Friday, March 13, 2009

Stupid work and work that is stupid

Hai, shit happens. There are all sorts of shit, big one, small ones, long ones, fat ones. The big one is work, the small ones are those that crop up once in a while here and there. I can’t think of any long ones and the fat shit is the fatso who sits behind me at work hahaha.

I cleared up my desk at work before I left for the week just now. Because I know there is a possibility that over the weekend, I decide to quit and don’t wanna return to pack my stuff. Only my slippers and calculator is left there. This thing will never go away. In the morning, I wanna quit. On the way home, I am determined to show them what I can do. A few hours later before bed time, I cry again. So tired of all these shit.

So today, my roles in this company were defined. My main tasks are to handle towing complaints and organise meetings (send agenda, take minutes and make sure the fucking microphones and projector work). Secondary tasks are to encourage users to key in complaints into the system and to organise rewards for outlets and people who are good in customer service. I don’t see any elements of research or data management as per the position advertised (Qualitative Research: Customer Satisfaction and Advocacy) or the position in the offer letter (Data Management). The only research that I am required to do is backlogged since November due to the stupidity of the other work. I think I am now a customer service executive and secretary. I start to think it’s hard to do something that I don’t believe in, which is customer service/satisfaction and today the fatso said that I am not suitable for CS. I laughed loud and said yes, that’s why I left my client servicing position.

I think I just wanna solely do research.

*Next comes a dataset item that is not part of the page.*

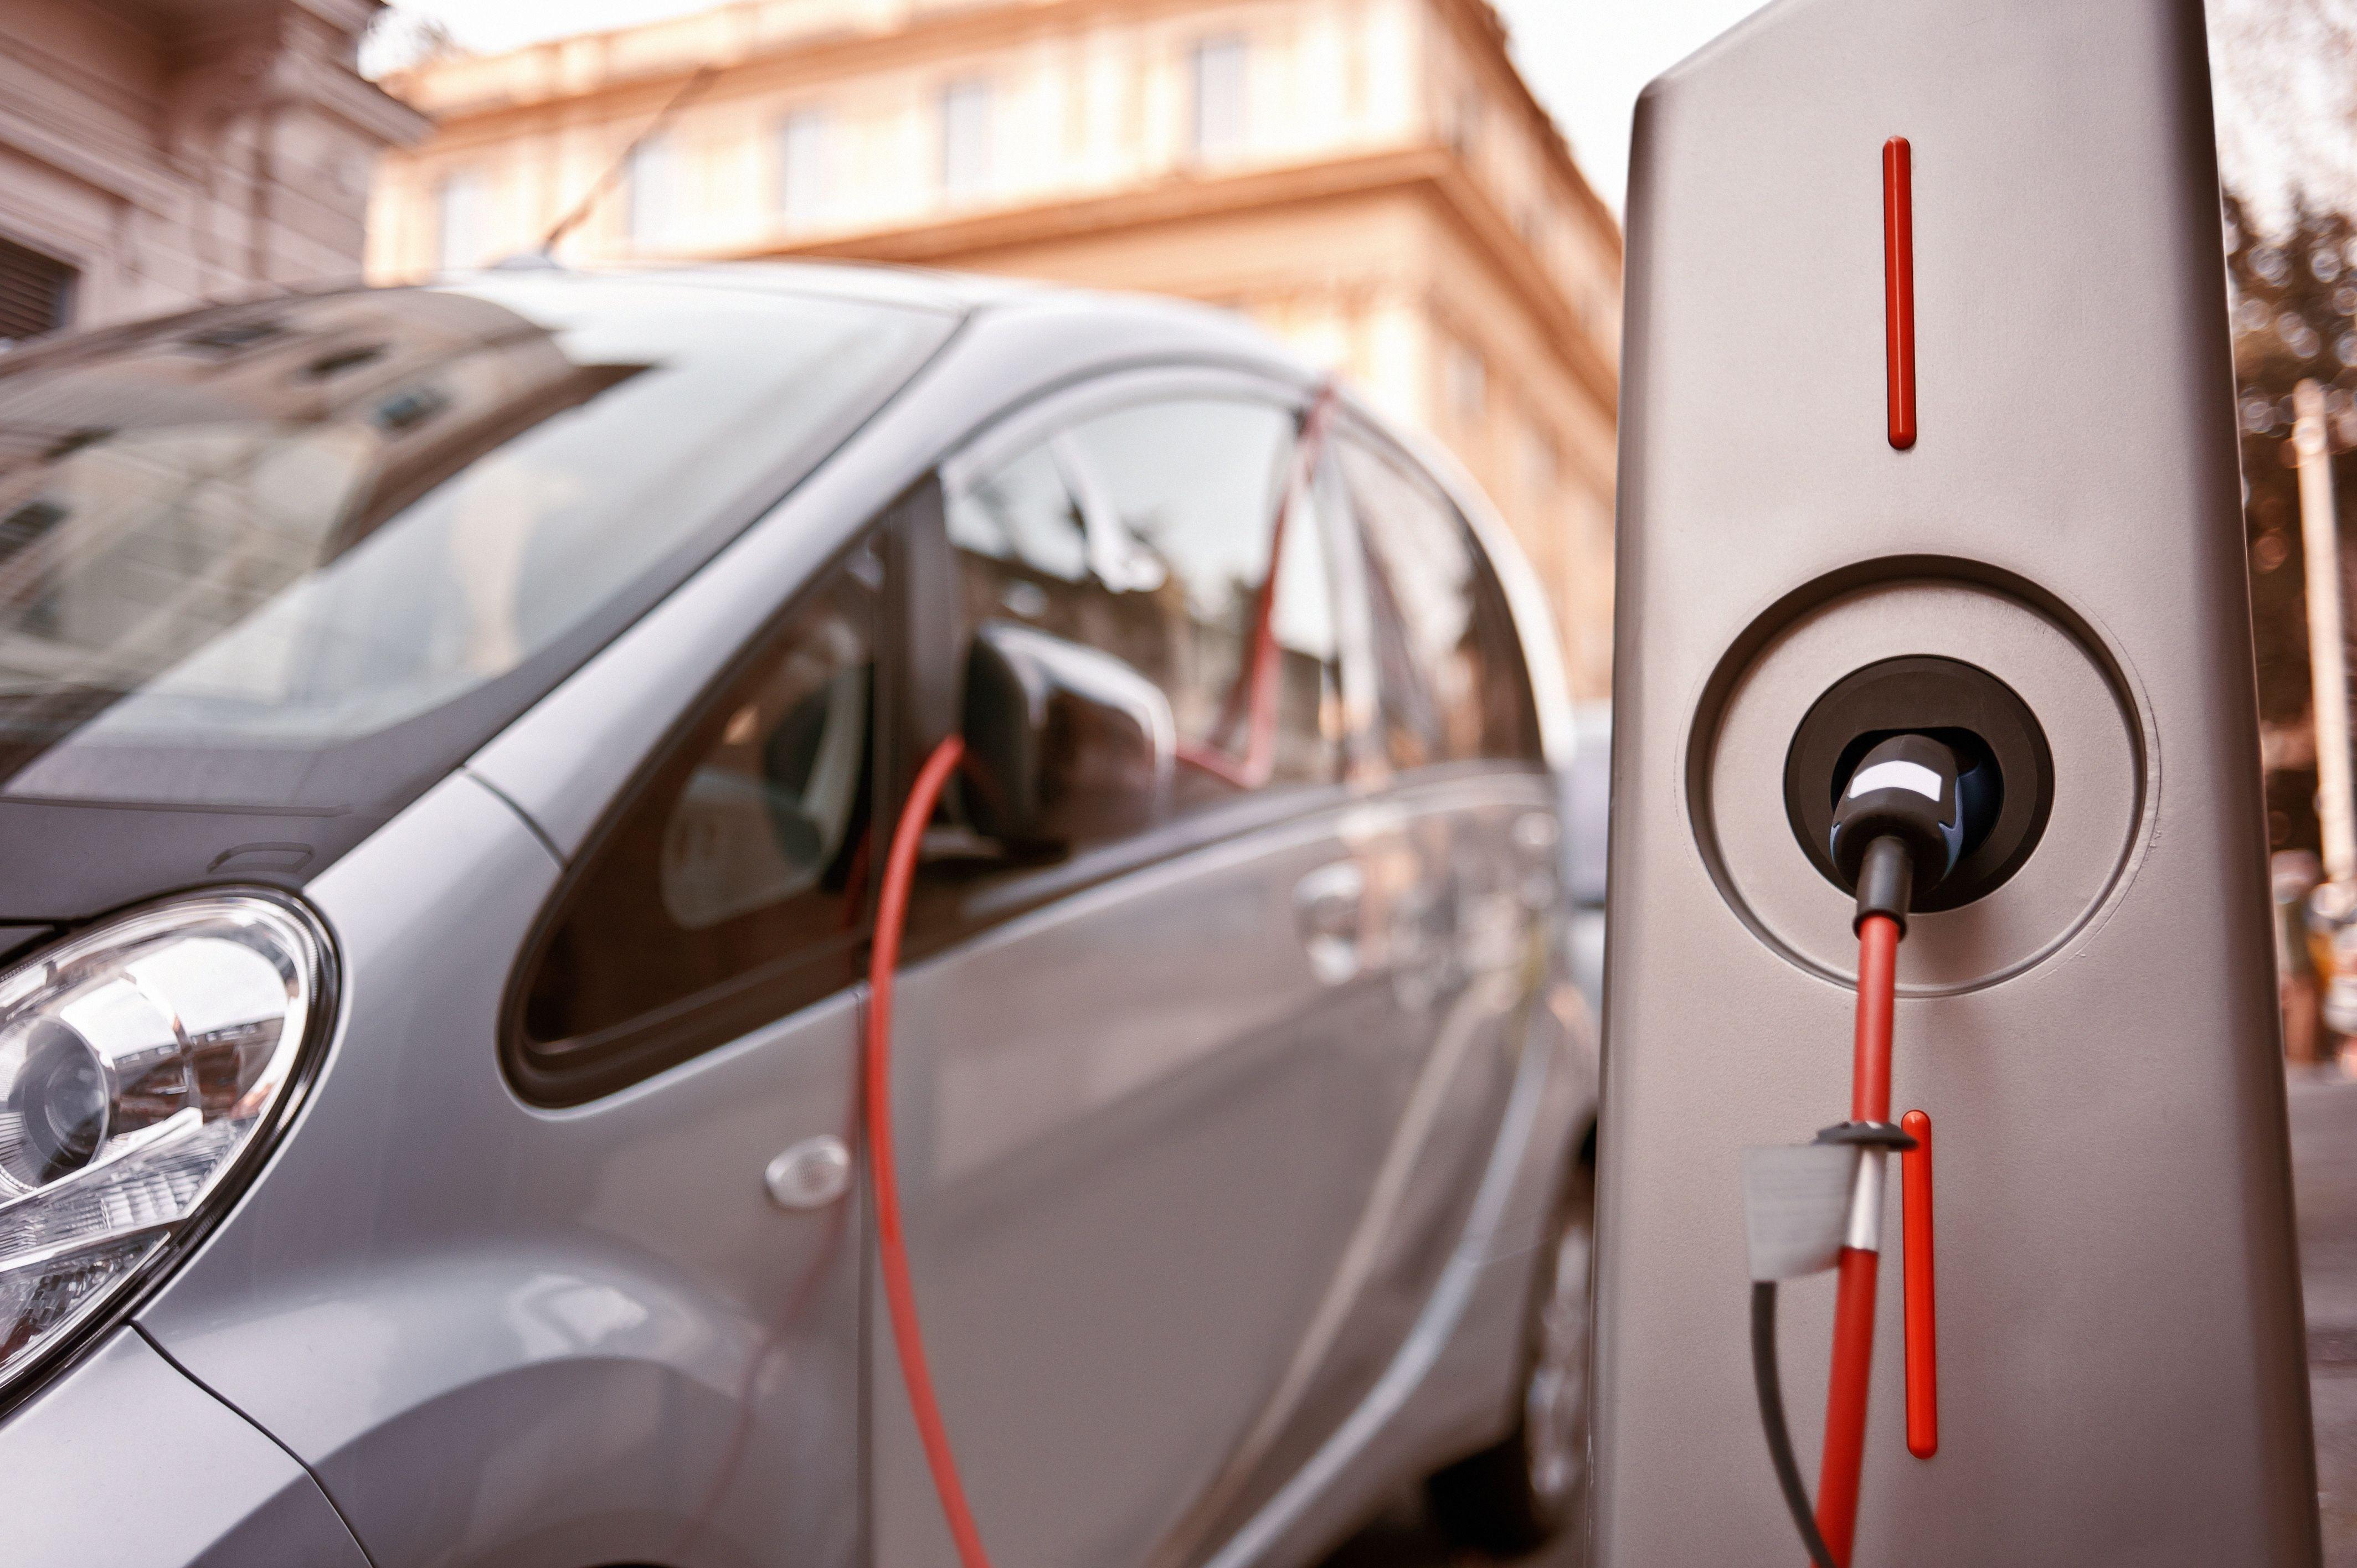 Instalacion de recarga coche eléctrico en Retiro

In fact, I am starting to like Excel! Mr Tay said that if we can’t get out of something, we shall just make the best of it. Well, at this level, where it is really down and I think of quitting every day, how is it possible to bring up the enthusiasm?

The problem is, just like my supervisor (the one that assists me in my work, not the one above me), we can’t pinpoint the reason why we dread coming to work. Partly is due to the boss, but the whole idea itself is depressing. The drive to work, the parking lot, the colleagues, the cafe.. At times I do feel like stabbing my boss, I really do. A milder version would be scratching her car or puncturing her tyre. Not out of anger, but just feel like wanna stab someone hard.

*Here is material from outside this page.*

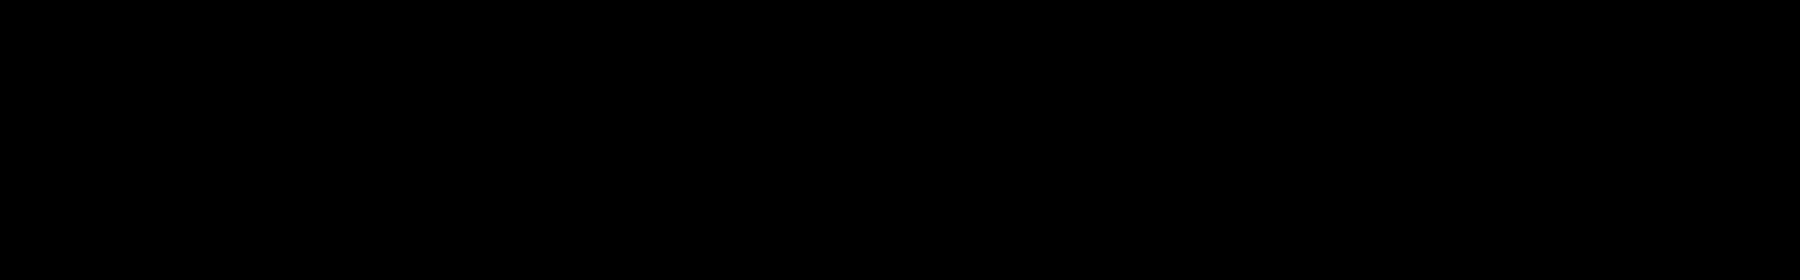 Tunecraft OVO Chill Hop Vol.1 audio waveform

This post wasn’t meant to be so long and was supposed to include other stuff. But here’s an insight of what Toyota people are about:
a. nasty, plain nasty
This woman, whom my stupid boss herself fears, gave the fatso a document. I wasn’t clear about some stuff, and I cannot tell my boss I don’t know as well. No choice, I called the bitch. She said “No, I didn’t give her anything. You check with her. Bye” and hung up the phone. I held the phone and dunno what to do. In the first place, she DID give that to my boss. I told my stupid boss, and she said ‘Padan muka, who asked you to call her’ and she said that I don’t have to ask that info. A cannot, B also cannot. Stupid bunch of idiots, all of them.

b. useless
You give them something to work on. Nothing done after a couple of days. You ask them, and they say that they need something from you. WTF didn’t they ask then! Have encountered 2 of these people, am sure there are many more.

c. stupid
My boss. She actually has a reputation in the company for being stupid. I didn’t know that many people actually realised her stupidity and dislike her as well. Wait when I copy her email she sent; it was a real classic. There was something about Nakamura from Heroes, Superman, Ben Tennyson (that the recipient had to Google to find out) and something about driving safely because the storm has arrived early, which was so mean and sarcastic.

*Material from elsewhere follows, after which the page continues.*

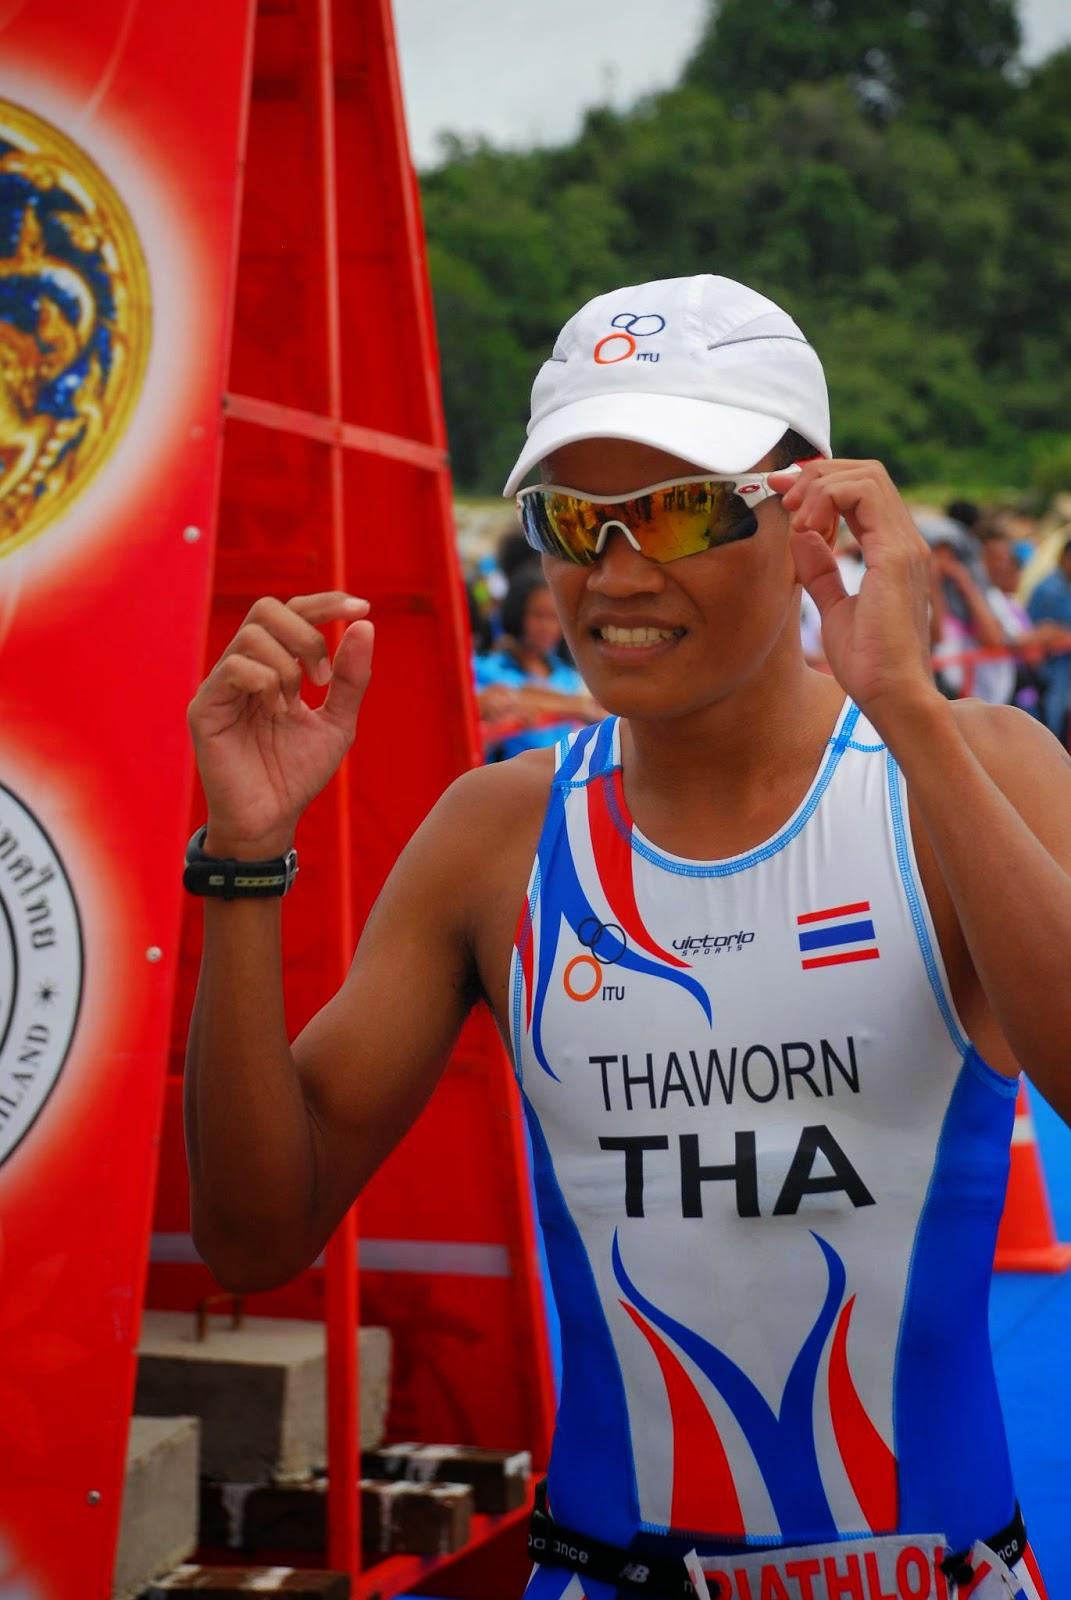 Male Athletes World: Triathlon: USAs triathlon team

These do not shake me; in fact I will be mean too in some time. I’m no longer helpful and courteous to people calling asking for information. I treat them as asking for favour. We need to watch our own backs here. I don’t help my staff as well. If he doesn't know, he can go and ask the boss and kena tiao without involving me.

Either I leave before my probation is up or leave when I have found a job. I am fine now but in the mornings I am adamant that I will quit and have started thinking about my tuition plans. A girl quit because of the people here, and she left without having a job. If she can, so can I. And I’ve got tuition, what do I fear? Damn.
Oh, my Internet is just up after a few days of disconnectivity. And here I am, given a chance to grumble. Let's continue since I am in grumble-mode today.

Arrived at the stupid boy's house and his mum said he doesn't want tuition today. No courtesy to even call. Anymore of this and they are all gonna get fucked. I was keeping cool today, but I've got my limits. I'm not even starting on my income loss.

Some people, omg, just can't stand them. You and your sister are labelled 'sticky', I don't think so, but I think you are a pain in the ass. Now go away. My intention went straight into the trash can the moment you did what you did. Really kepala tak betul, I think.

Another one is also quite tak betul, dunno what her intention is. Not going already, don't understand ah?? It's not about becoming a cheapo, but it's a matter of me saying that I am not going. And you all thinking that you are so smart, I am more determined NOT to go. That's it.

Despite all of that and some really a lot of stupid work that I really have to do this weekend (depends if I wanna quit on Sunday night), I think I am going to have a great day tomorrow. Tomorrow's already Saturday ah?? Not good!